EXERCISE BRIEF: Nothing but the lines below from the one with "ha bisogno di" through the one with "Light Novel de" should be output, each exactly as given, and no pictures.

RECORDS FOR PROCESSING:
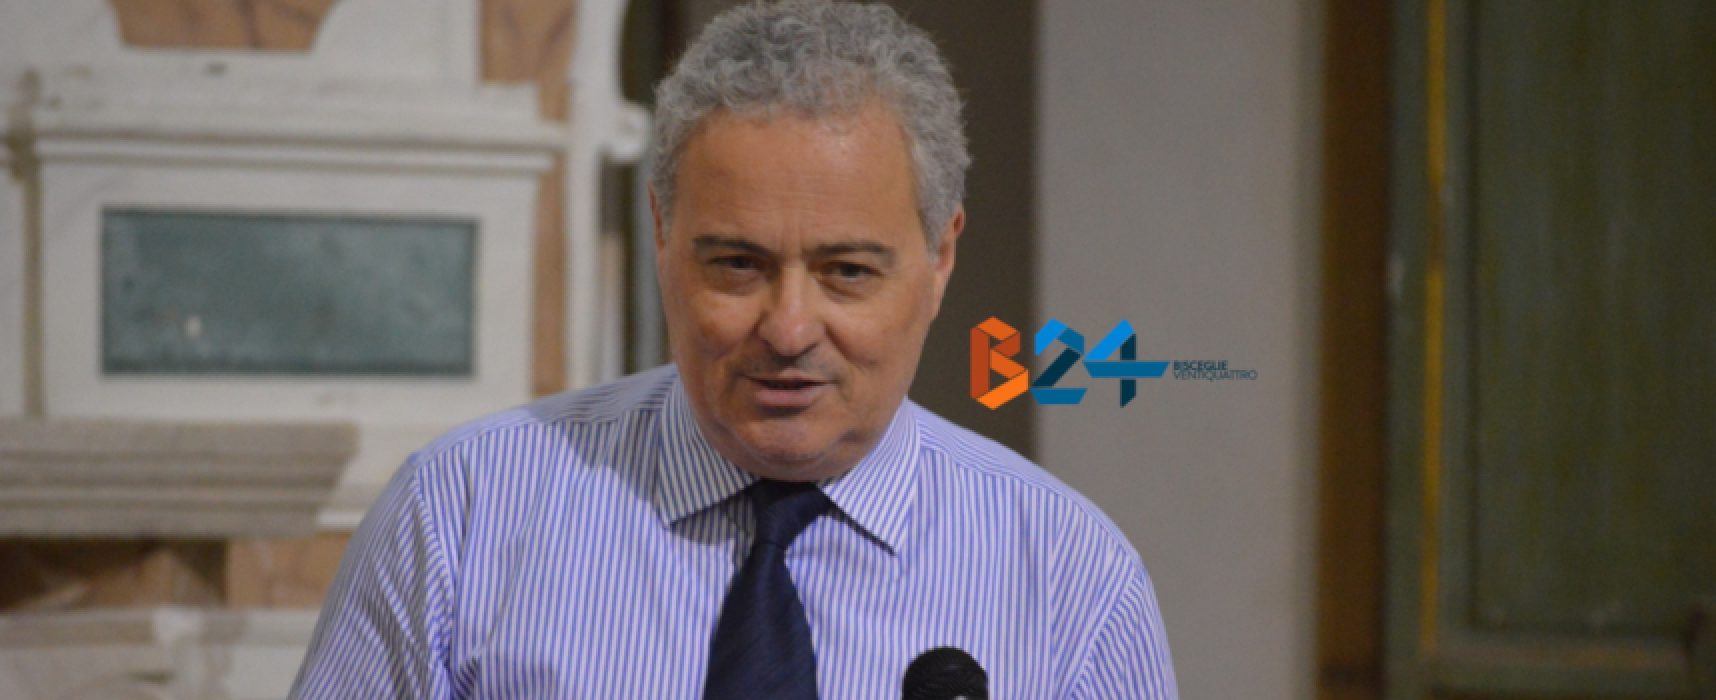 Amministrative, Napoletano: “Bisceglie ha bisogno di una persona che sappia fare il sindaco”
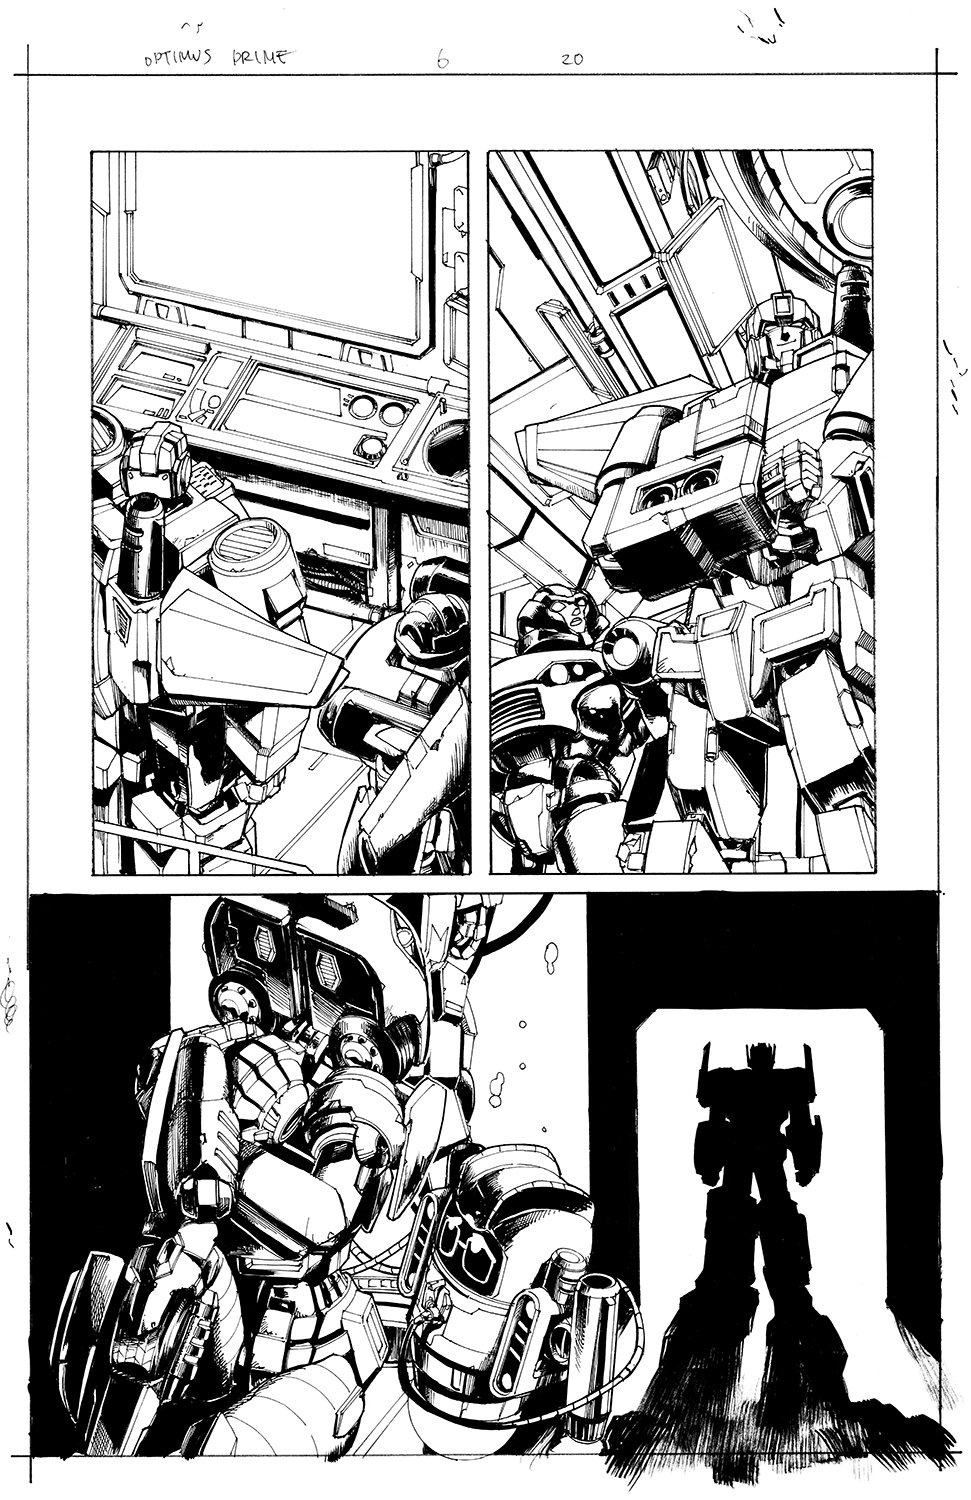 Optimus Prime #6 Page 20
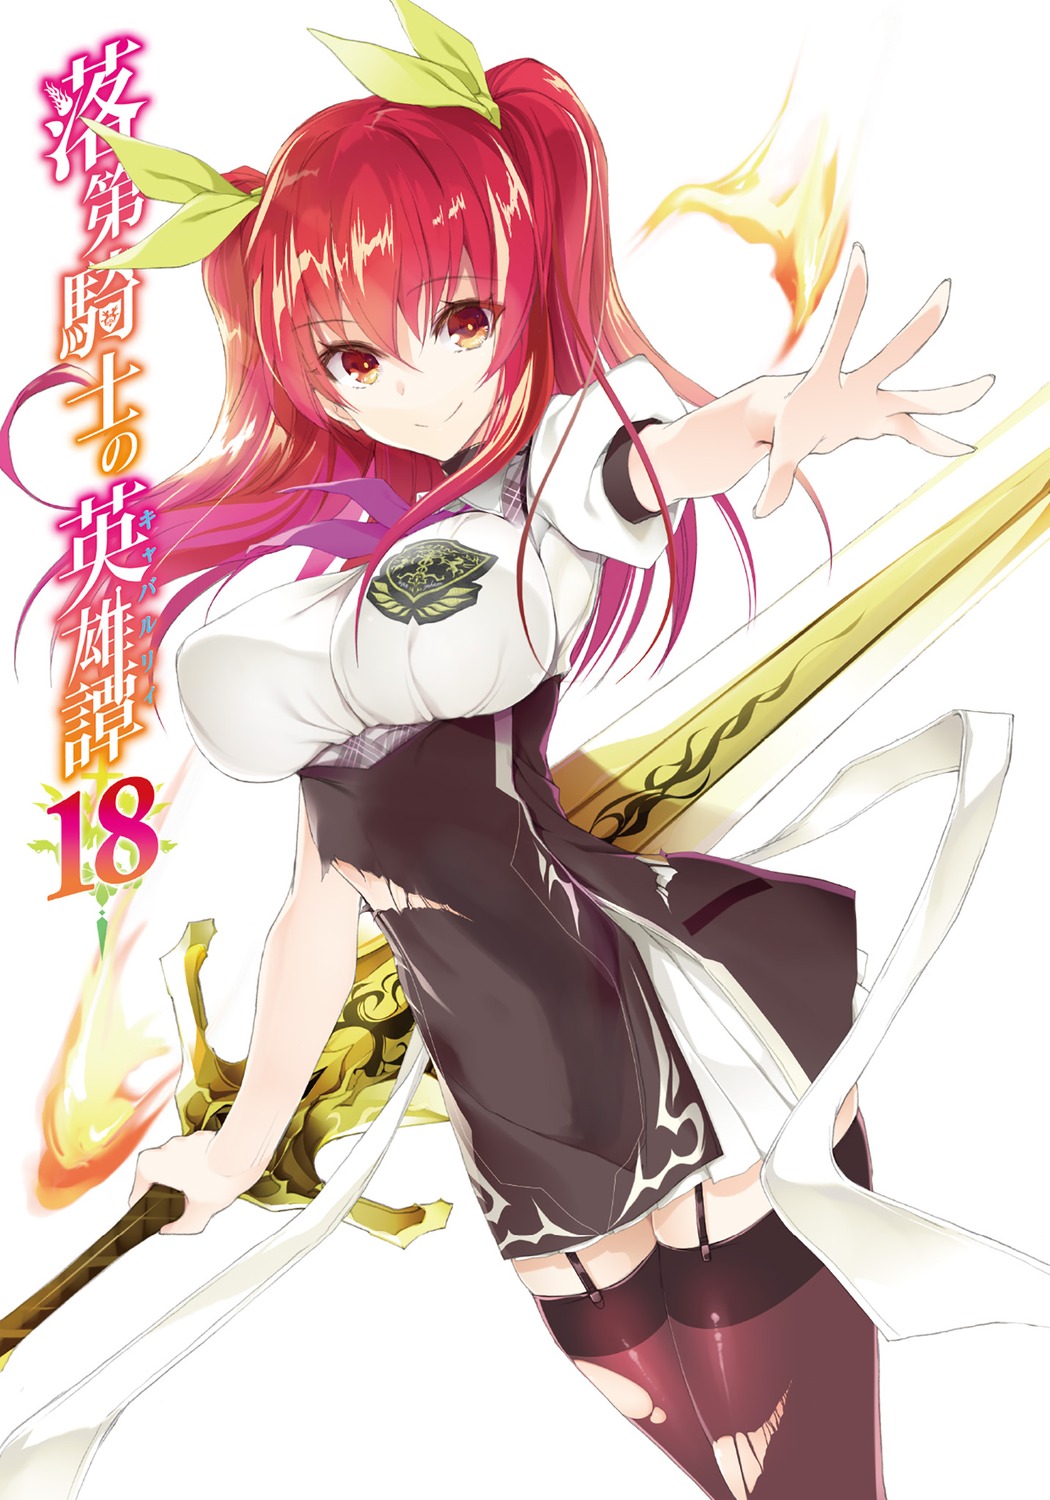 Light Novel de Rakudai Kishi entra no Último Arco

* * *

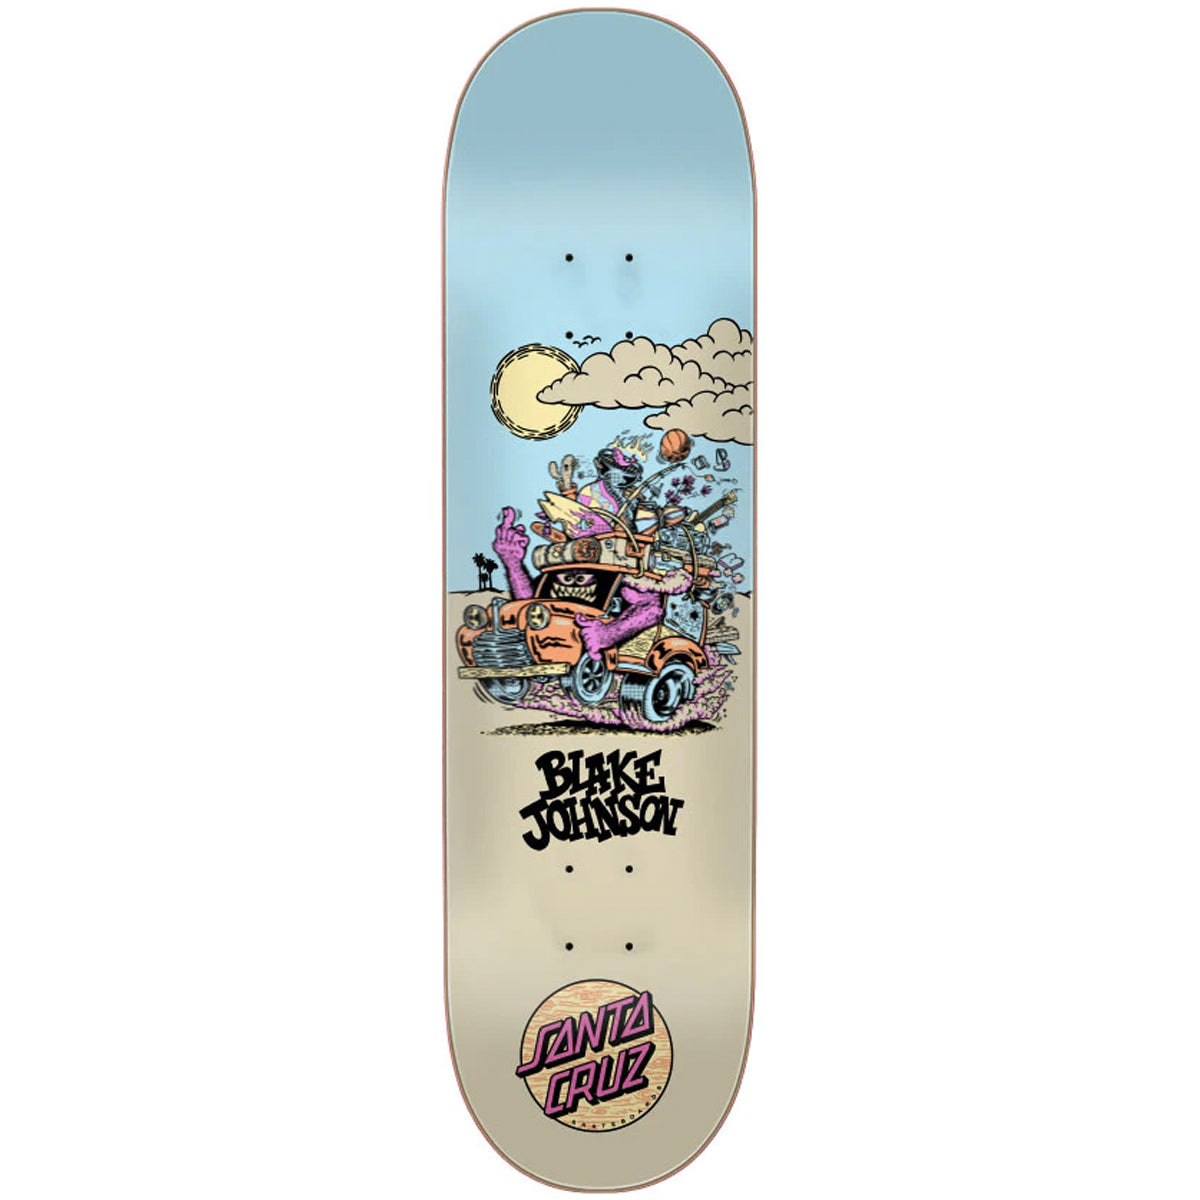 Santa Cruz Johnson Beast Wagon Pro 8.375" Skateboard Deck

RESULT OF THE EXERCISE:
 Amministrative, Napoletano: “Bisceglie ha bisogno di una persona che sappia fare il sindaco”
 Optimus Prime #6 Page 20
 Light Novel de Rakudai Kishi entra no Último Arco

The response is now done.